Wegen Drucks von Ben-Elieser wurde eine schnelle Entscheidung getroffen. Es gibt genügend Leute, die alles dafür tun werden, ihn von dieser Entscheidung wieder abzubringen. Die Siedler, die Rechte, der Likud. Sharon kann diesem Druck nicht widerstehen. Er wird Änderungen im ursprünglichen Plan vornehmen müssen. Der geplante Zaun wird noch vor seiner Errichtung zusammenbrechen.

Was Sharon noch bleibt, sind die Umfragen. Das Problem ist nur, dass die Ereignisse den Umfragen voraneilen. Wie es jetzt aussieht, siegt Sharon vielleicht in den Umfragen, verliert jedoch in der Realität".

Etwas irrationales tun!

Im Zuge allgemeiner Ratlosigkeit ruft Uria Shavit in M'ariw zum irrationalen Handeln auf. Nach dem nächsten Anschlag solle man den Scheich Jassin wie jeden anderen Kriegsverbrecher vor Gericht stellen und hinrichten. Der einzige Weg, den irrationalen Selbstmordterror zu stoppen, sei es, selbst etwas Irrationales zu tun, einen Akt grundlegender Gerechtigkeit, ohne an das Morgen zu denken. Ein solcher Akt würde der Weltöffentlichkeit signalisieren, dass Israel sich erniedrigt fühlt, dass es erschöpft und so empört über die Massaker in seinen Städten ist, dass es zu allem bereit ist, was die Rachegelüste seines Volkes befriedigen kann und die USA und die arabischen Staaten endlich zwingen wird, etwas gegen den Selbstmordterror zu unternehmen.

Italo-Western

Nir Baram (M'ariw) empfindet das Leben in Israel inzwischen als Italo-Western: "Sharon und Peres sind dafür verantwortlich, dass wir die Todesroutine als selbstverständlich akzeptieren und aufgehört haben, eine Alternative des Lebens zu suchen!"
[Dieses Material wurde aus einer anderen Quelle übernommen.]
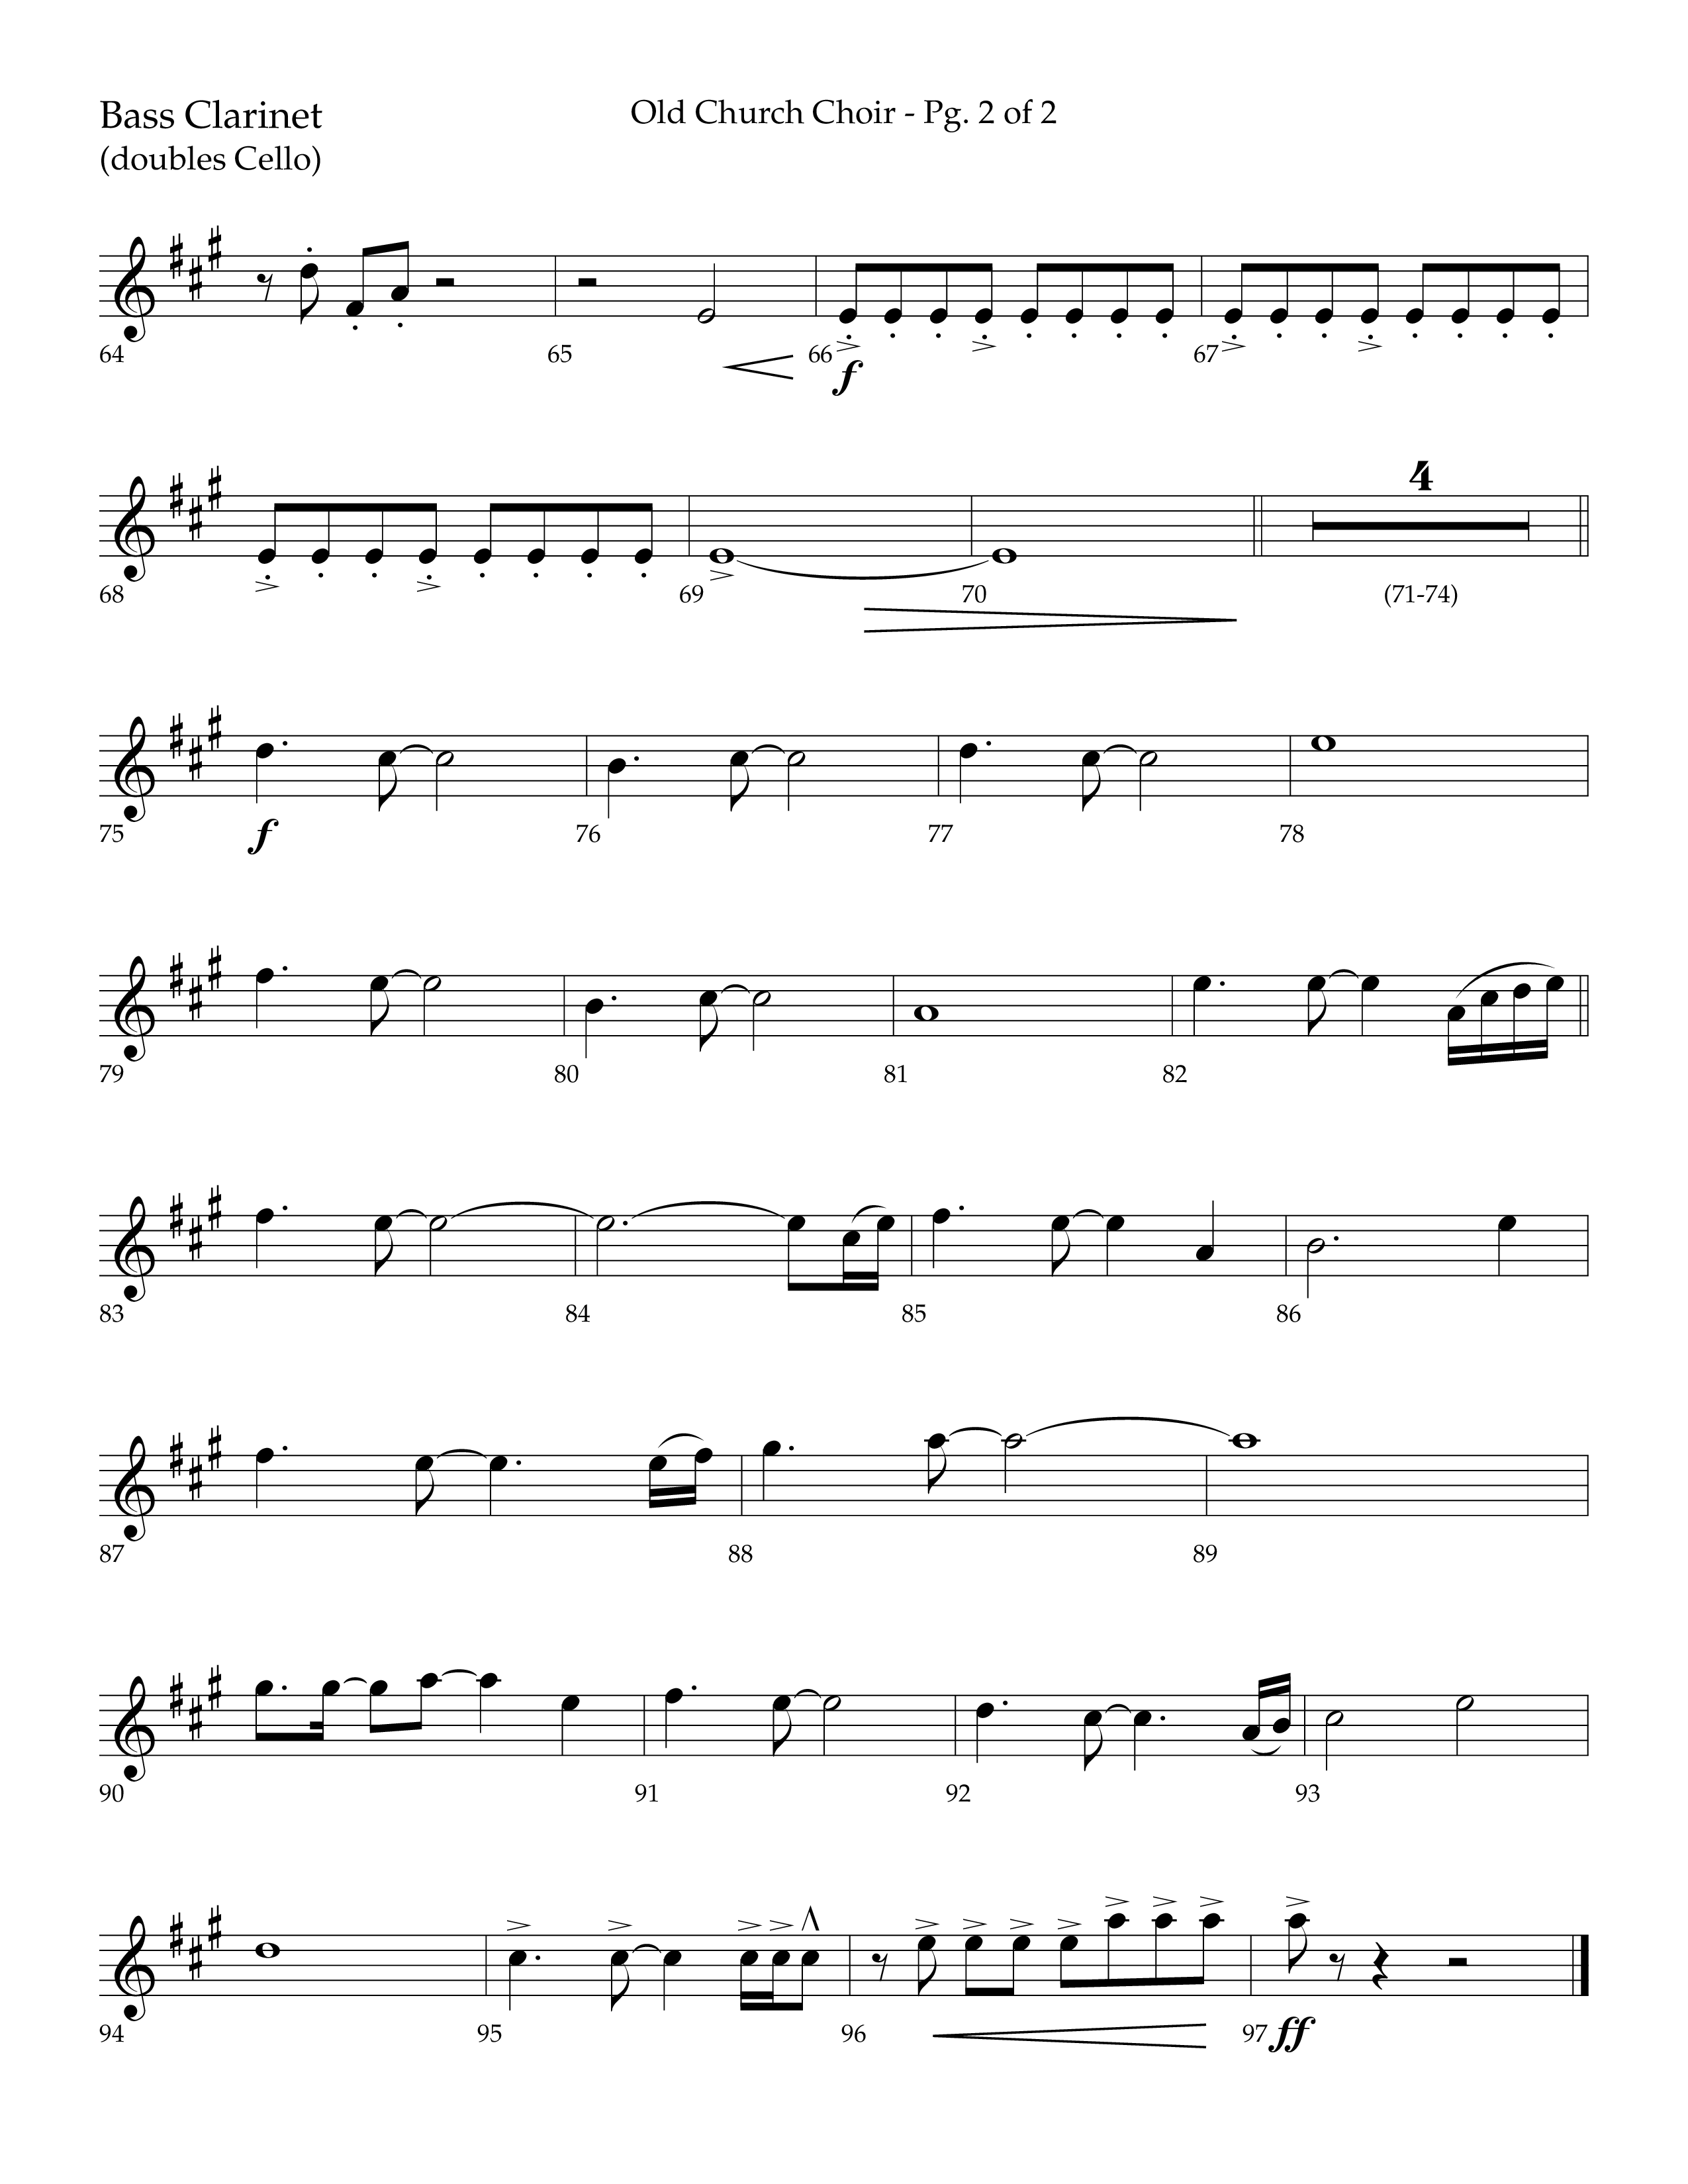 Old Church Choir (Choral Anthem SATB) Bass Clarinet (Lifeway Choral / Arr. Ken Barker / Arr. Craig Adams / Arr. Danny Zaloudik)
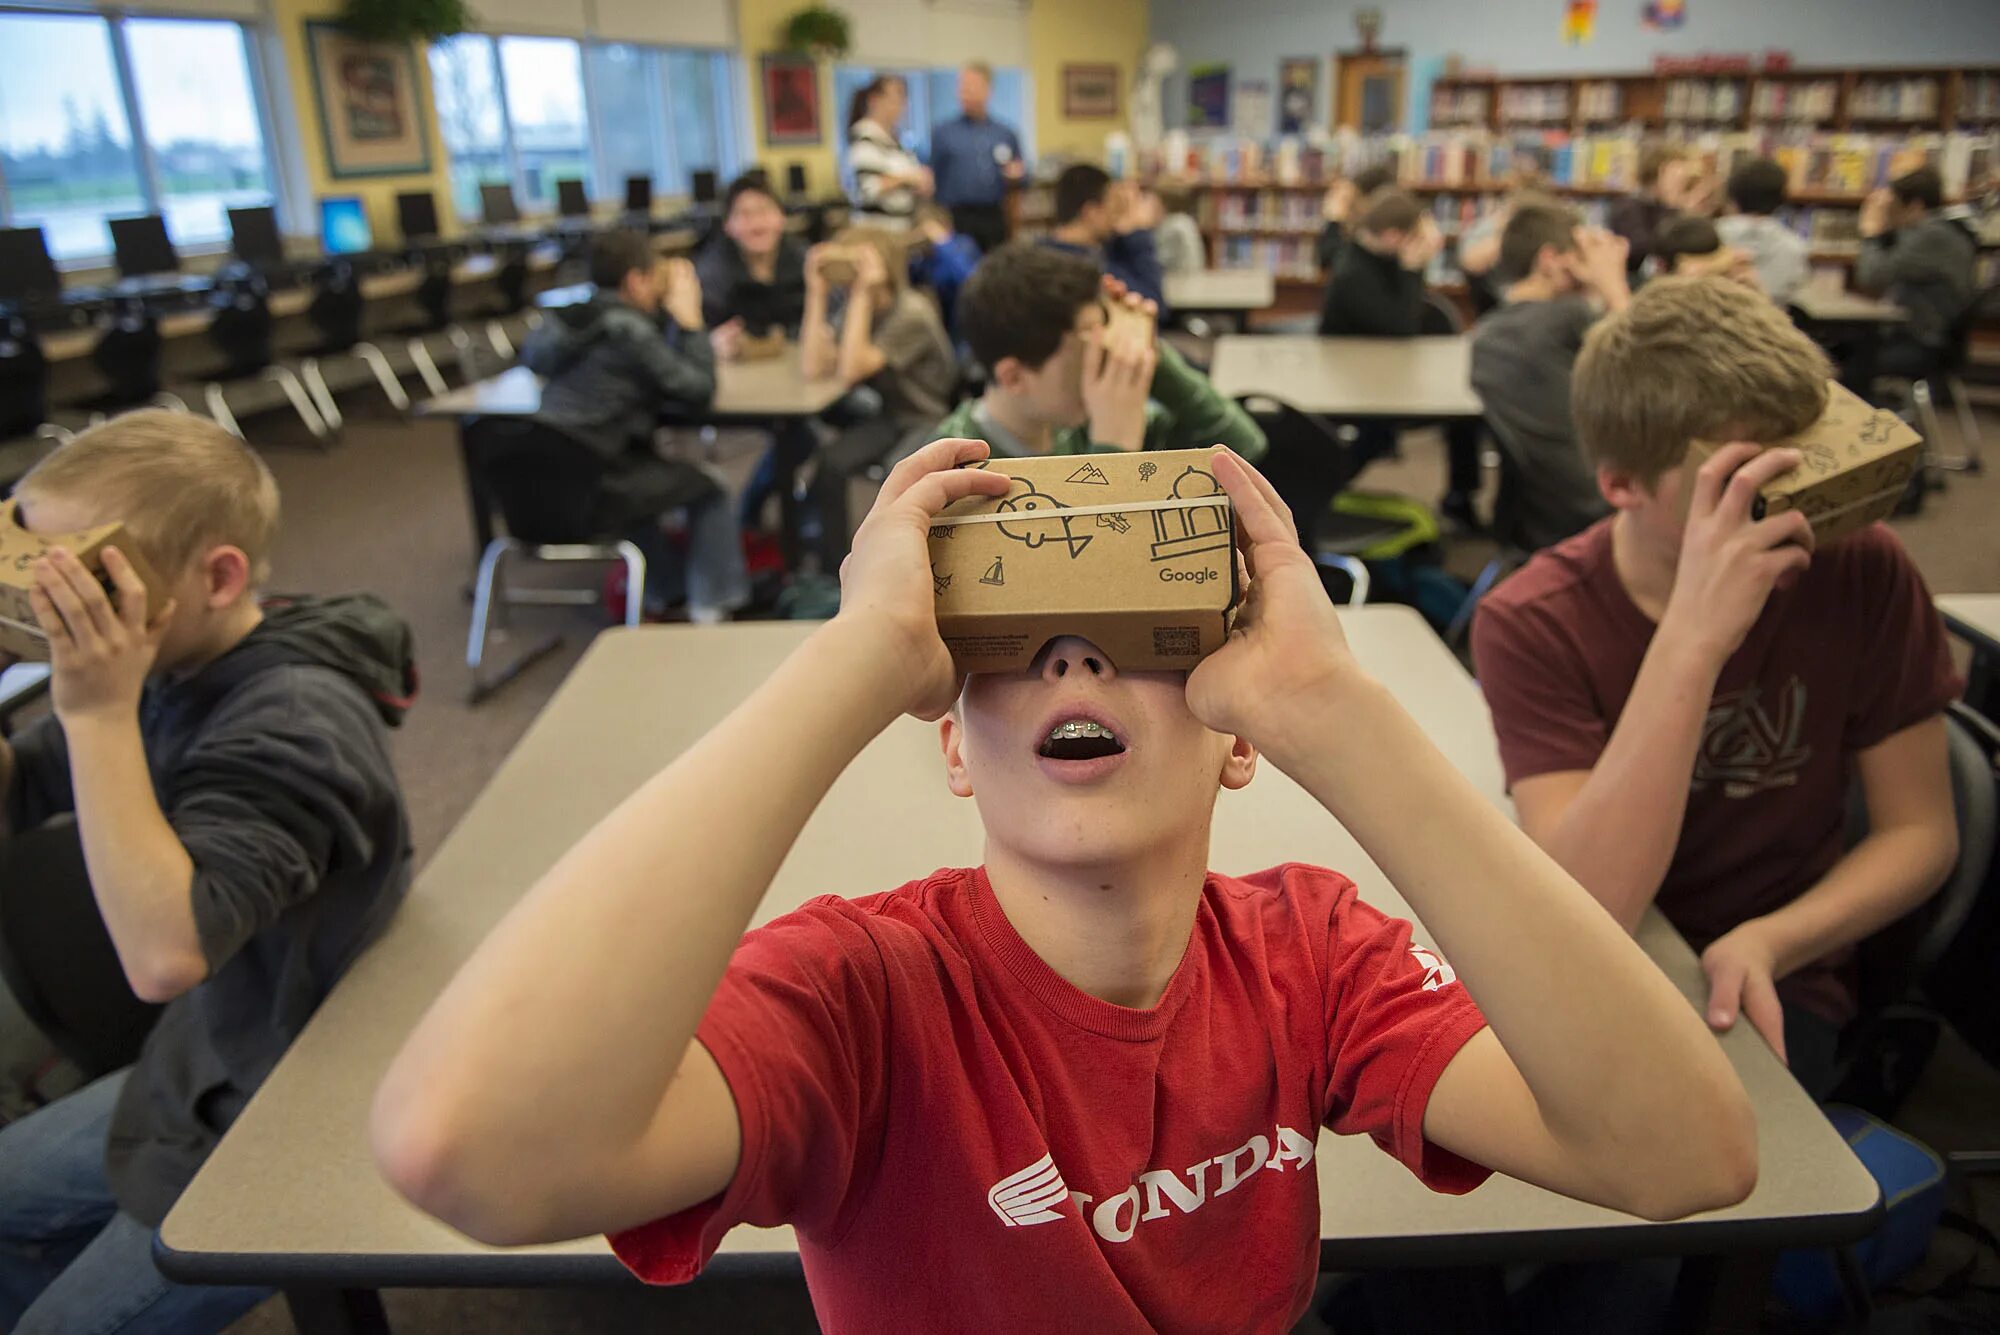 Vr уроки. Виртуальная реальность в учебе. Шлем виртуальной реальности в школе. Очки виртуальной реальности в школе. Школьники в ВР.
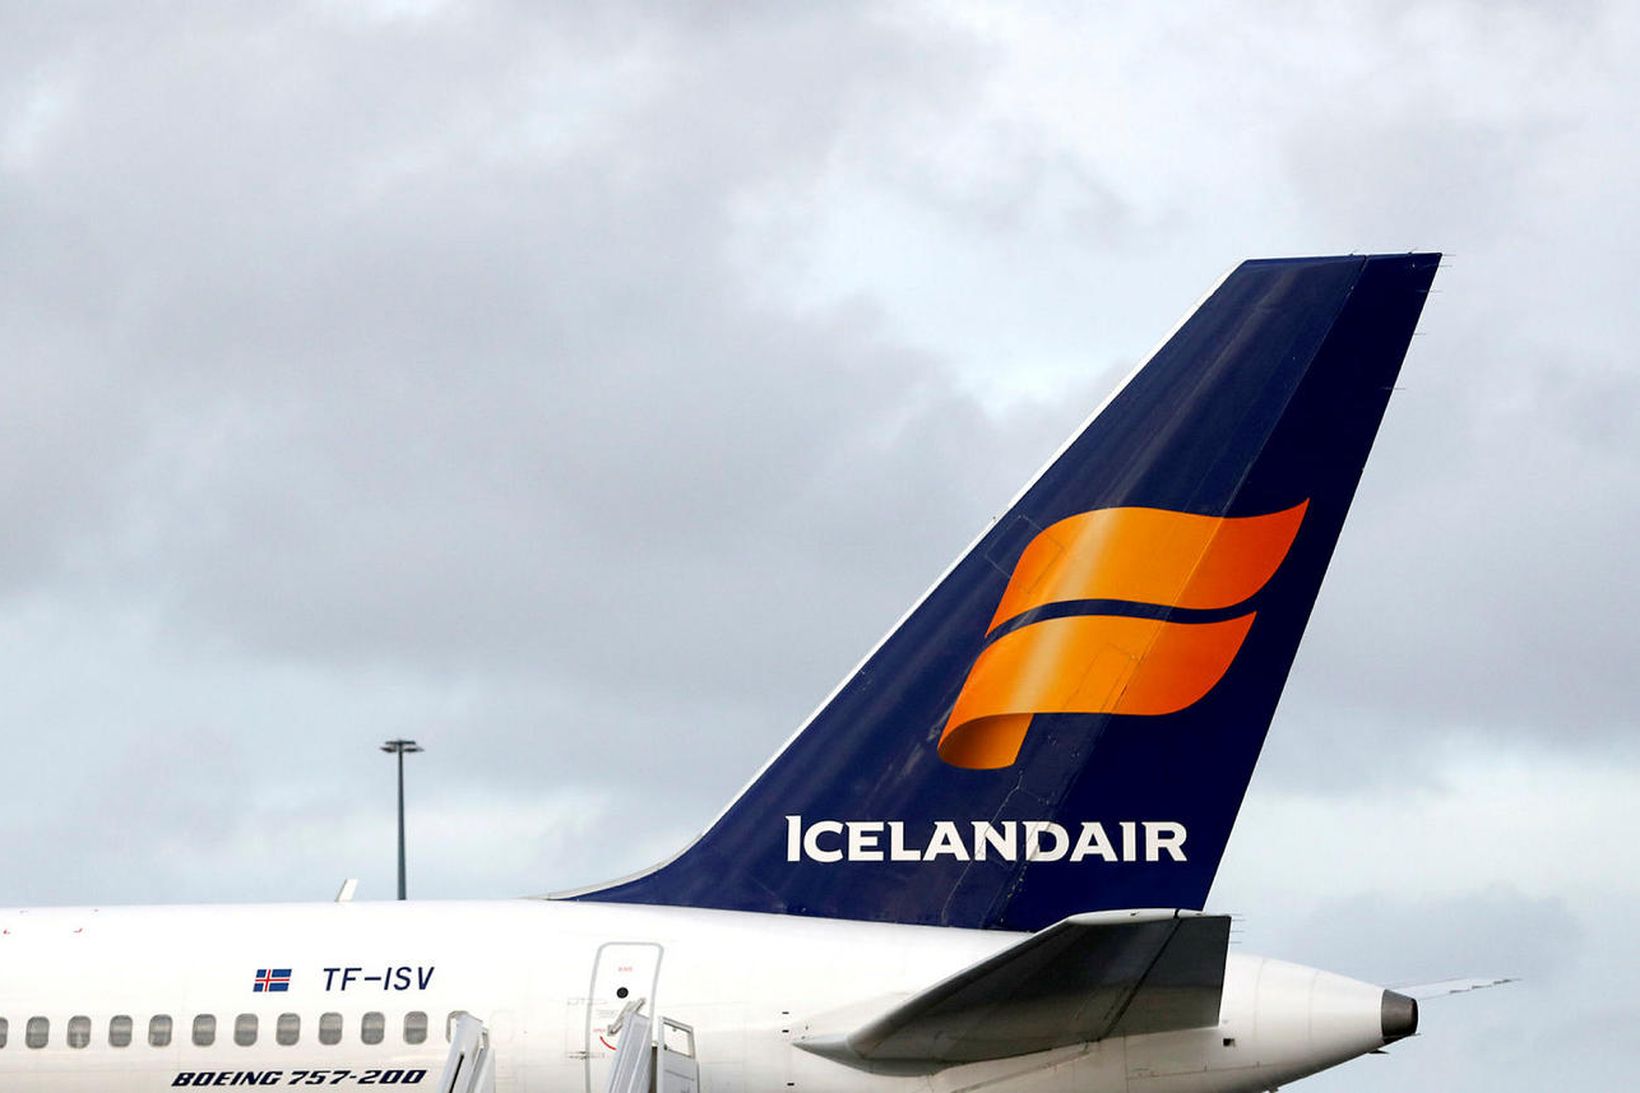 Bréf Icelandair lækkuðu nokkuð við opnun markaða í morgun.
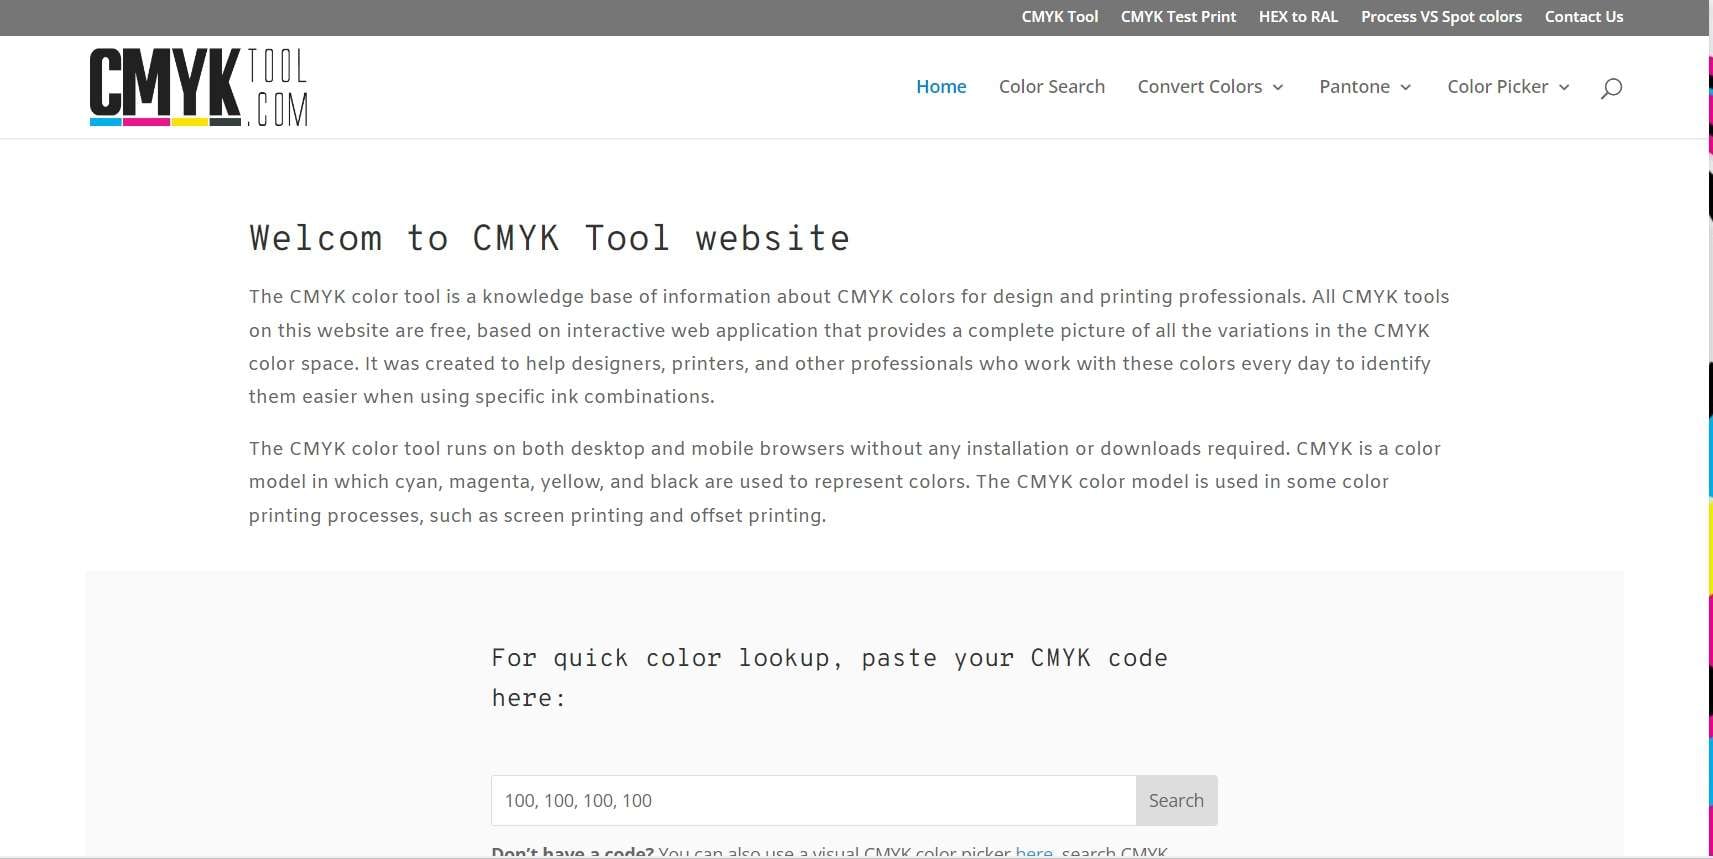 interfaz cmyk tool

Den drohenden Frieden instinktiv verhindern

Beni Michael (Jedioth) versucht es mit Satire. Er ist der Meinung, dass die Politik der Sharon-Regierung besser mit darwinistischen Überlebensinstinkten als mit psychologischen Analysen erklärt werden sollte. Was als schier endlose Serie von Narrenstreichen und Torheiten, Fehlentscheidungen und Desasterrezepten erscheint, ist letztlich doch nur ein automatischer, intuitiver Überlebensreflex. Ziel dieses Reflexes ist es sich den drohenden Frieden vom Leib zu halten und den Krieg zu verlängern.
Leider hat diese Theorie keine praktische Nutzanwendung, denn hoffen kann man nur in einem Staat, in dem auch eine ‘politische Ebene’ existiert. In einem solchen Staat werden Politiker nicht nur auf den darwinistischen Blödsinn hören, den ihnen die Militärs erzählen.
In einem Staat, in dem die ‘politische Ebene’ aber aus einem Duo alter Generäle (und einem politischen Waschlappen, der ihnen diplomatische Rückendeckung gibt) besteht, ist eine solche Chance äußerst gering.